I will forever look for a horse like Sterling once she is gone and I guarantee I will own another Arabian cross in my life!! I have a mare out of her that is going to be great but she isn't her Mother. . at least not yet! She's got big horse shoes to fill!!


----------



## BrwnEyedGrl (Jul 4, 2008)

I'll be completely honest here, Arabs use to be my "least" favorite horse. But when it came time to buy a horse of my own instead of leasing just before I finished high school, guess what I walked away with. Yep you got it an Arab. Rakziha had me at hello, and I didn't even want to go look at him just becaue he was an Arab. The ONLY reason I went to look at him was because he was a friend of a friends horse & I would of felt awful if I would of completely blew her off. I got him at the age of 20 and 6 years later he still does everything he did then & then some. I agree they are a very strudy breed. I'd have to admit~its still not my favorite of all time breeds but Rakziha has defiently earned the respect that I didnt' give Arabs before. He sure changed my mind! 










This was this past winter!! Silly fence was in the way... but you get the picture!


----------



## BabyD (Jul 22, 2008)

I have two purebred Arabs, two Arab/Appaloosa crosses and two Arab/Quarter Horse crosses. Though I'll tell you till I'm blue in the face I am not fond of Arabs clearly they're fond of me! I keep landing up with them. My only non Arab is my POA.

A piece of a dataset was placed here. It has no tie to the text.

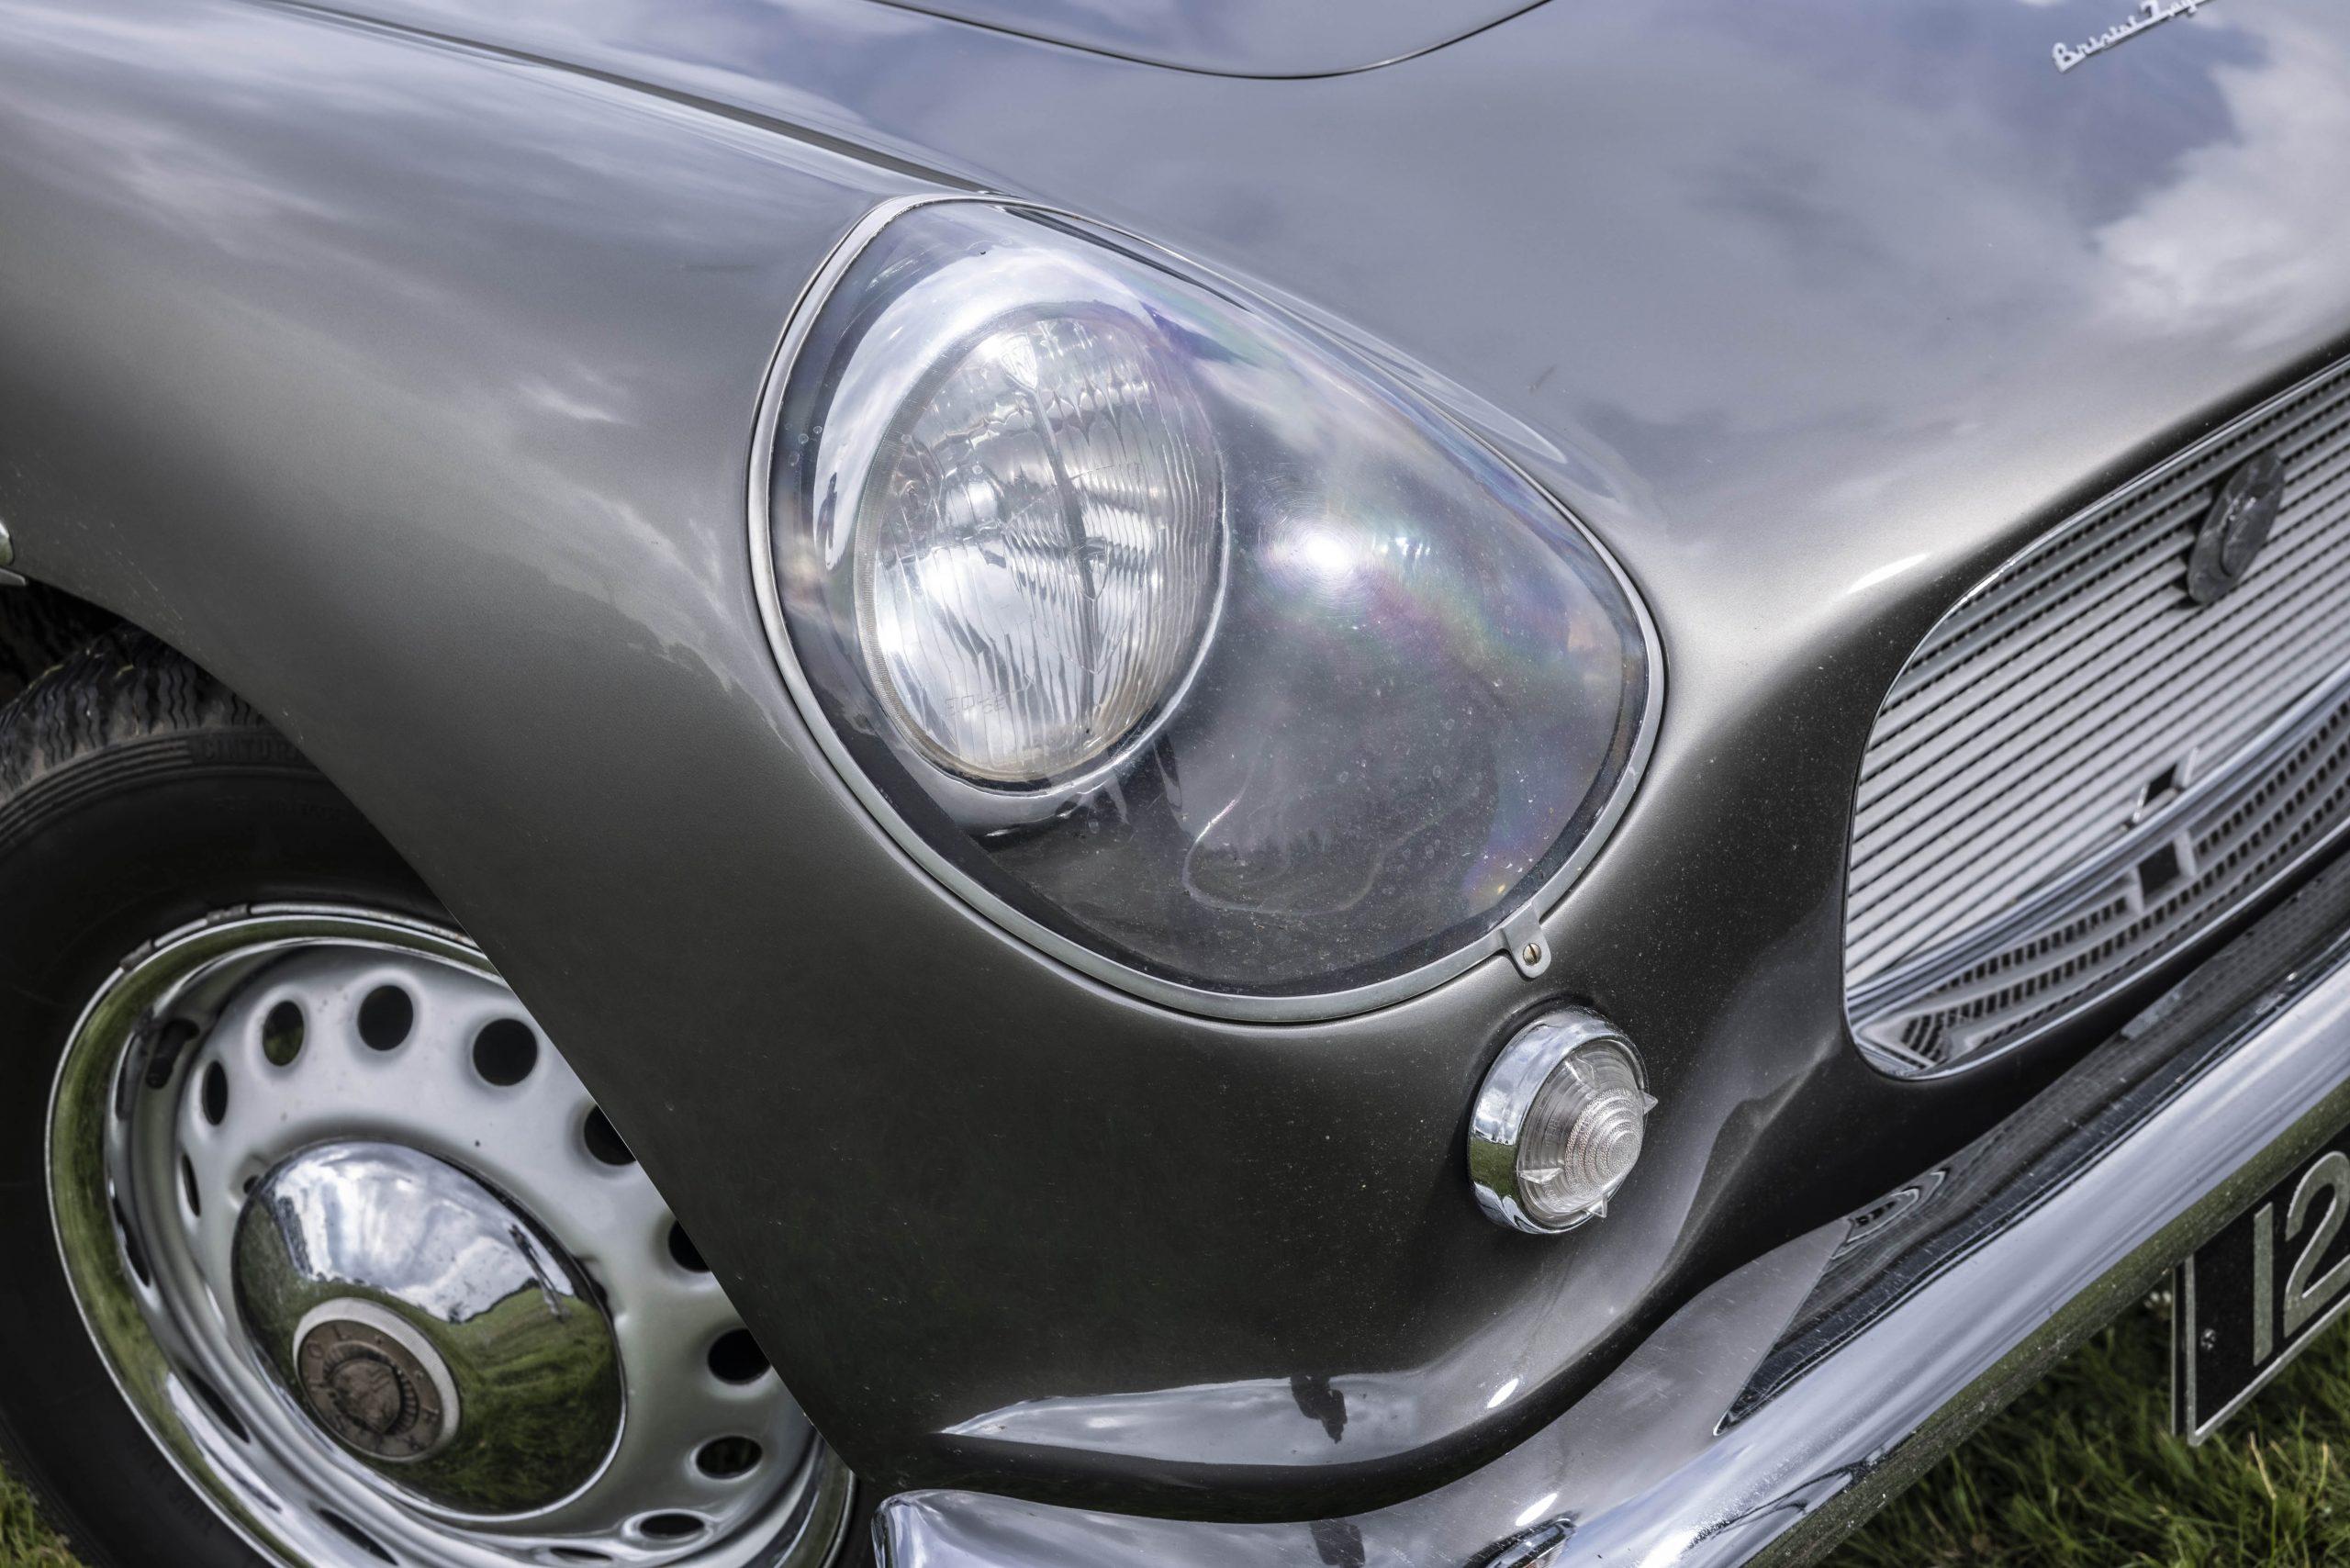 Zagato-bodied Bristol 406 headlight detail

I did it all with my Arab/Arab crosses. Dressage, Hunters, Jumpers, Cross Country, mild and extreme trail riding, games, barrel racing, cattle penning ect. I find that they will do just about anything if you ask them nicely.


----------



## MsEddi (Jul 21, 2008)

I have a 22 yr old Arab/Saddlebred who has done it all and I use him for trail he's great still thinks he's 10 sometimes though.
Then I have an arab/pinto gelding 9 yrs old that my 8yr old granddaughter started doing games with this year and he's sooo good to her, I thought he'd be too feisty but he rocks.
I also have his full sister, who is a wild child and couldn't be broke (at least not to my liking) but she's wonderful on the ground and has great manners so she's our pasture pal. Here's Nikko (the old one) and Knight (the gamer)


----------



## my2geldings (Feb 18, 2008)

What got me started with arabs -tbs*COUGH* as seen in most shots of this show was the Black.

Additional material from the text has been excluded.